### Aim of the task
All the lines below should be set down exactly, with no picture carried into the copy.

### Dataset excerpt

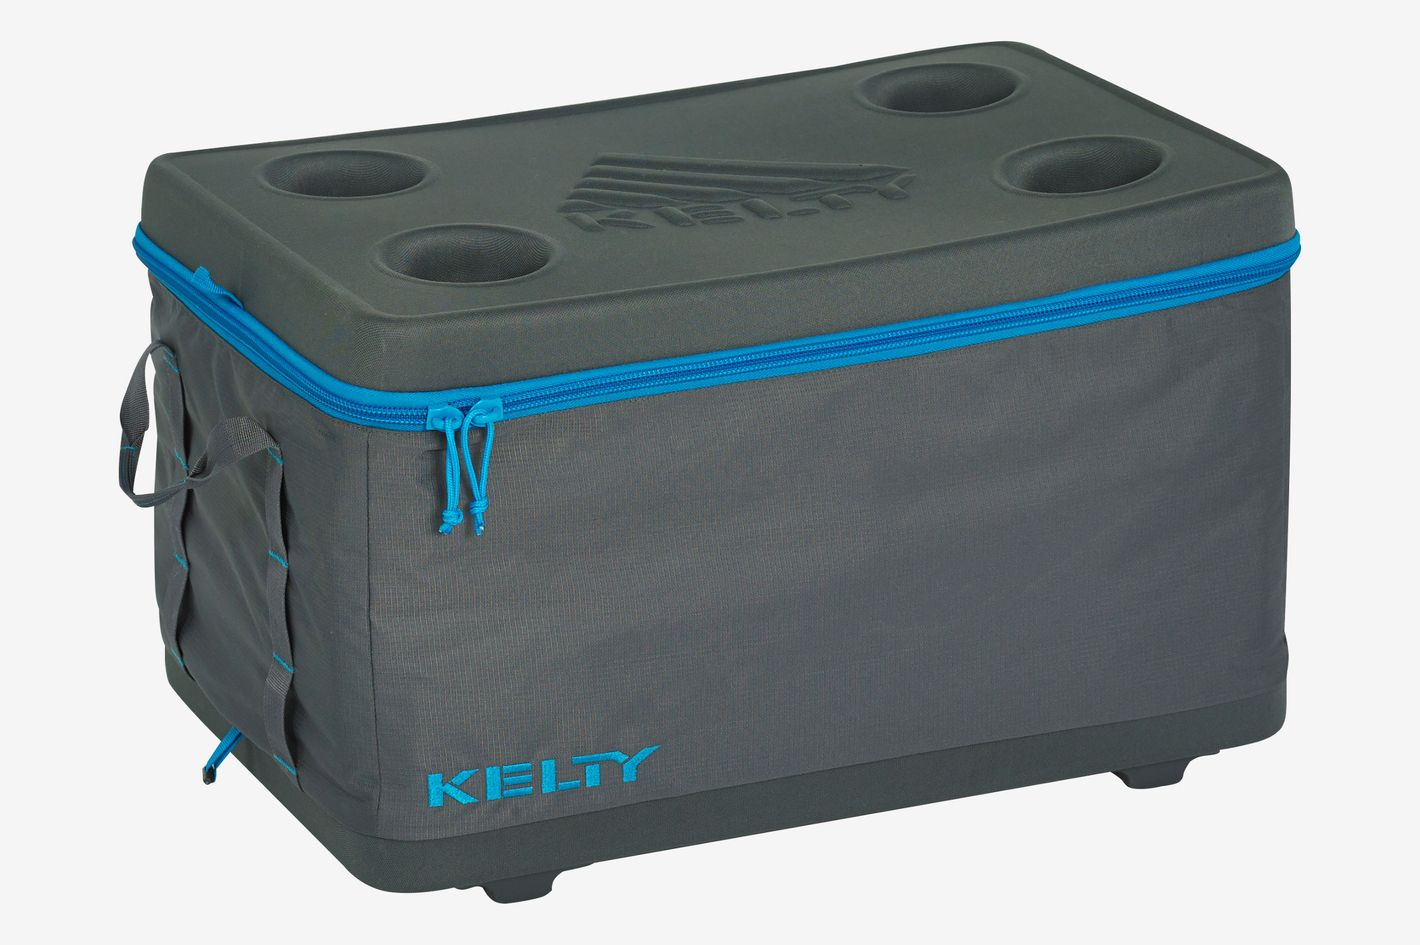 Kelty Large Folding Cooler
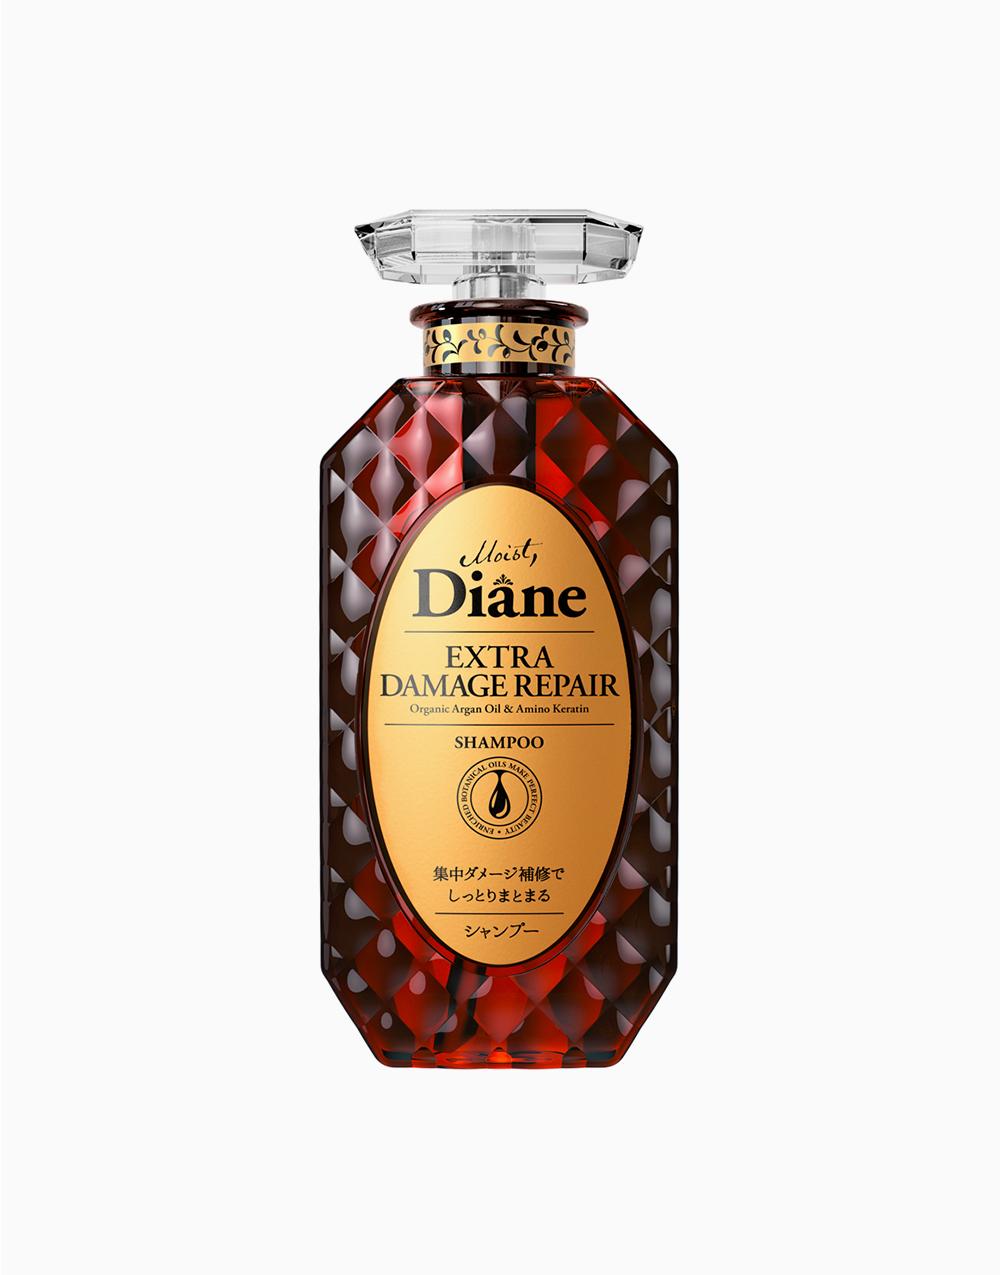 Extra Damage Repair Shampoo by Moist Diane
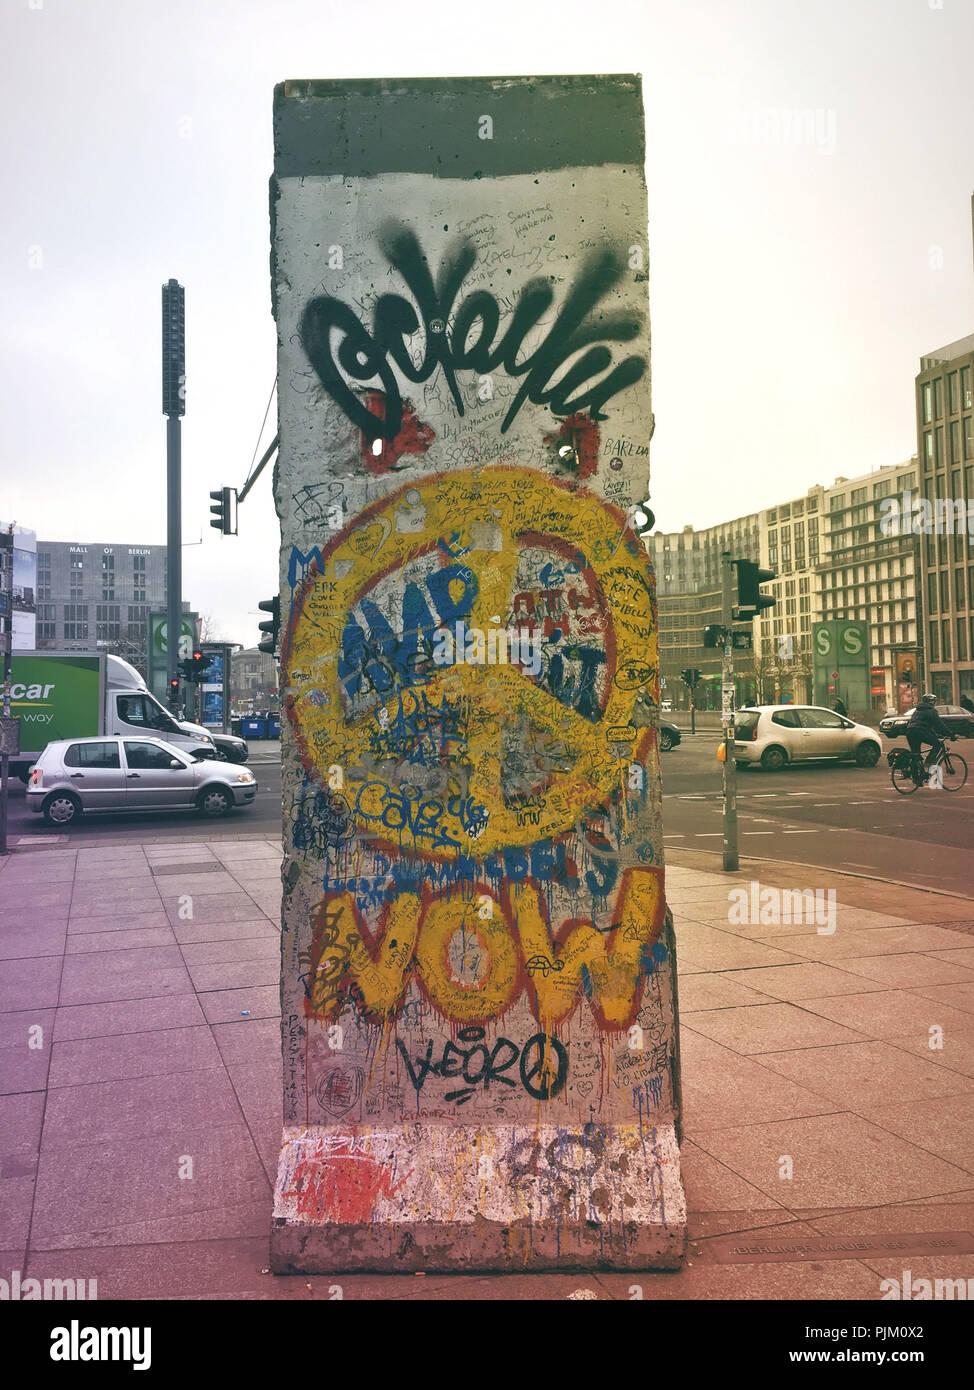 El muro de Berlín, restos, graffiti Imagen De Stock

### Answer box
 Kelty Large Folding Cooler
 Extra Damage Repair Shampoo by Moist Diane
 El muro de Berlín, restos, graffiti Imagen De Stock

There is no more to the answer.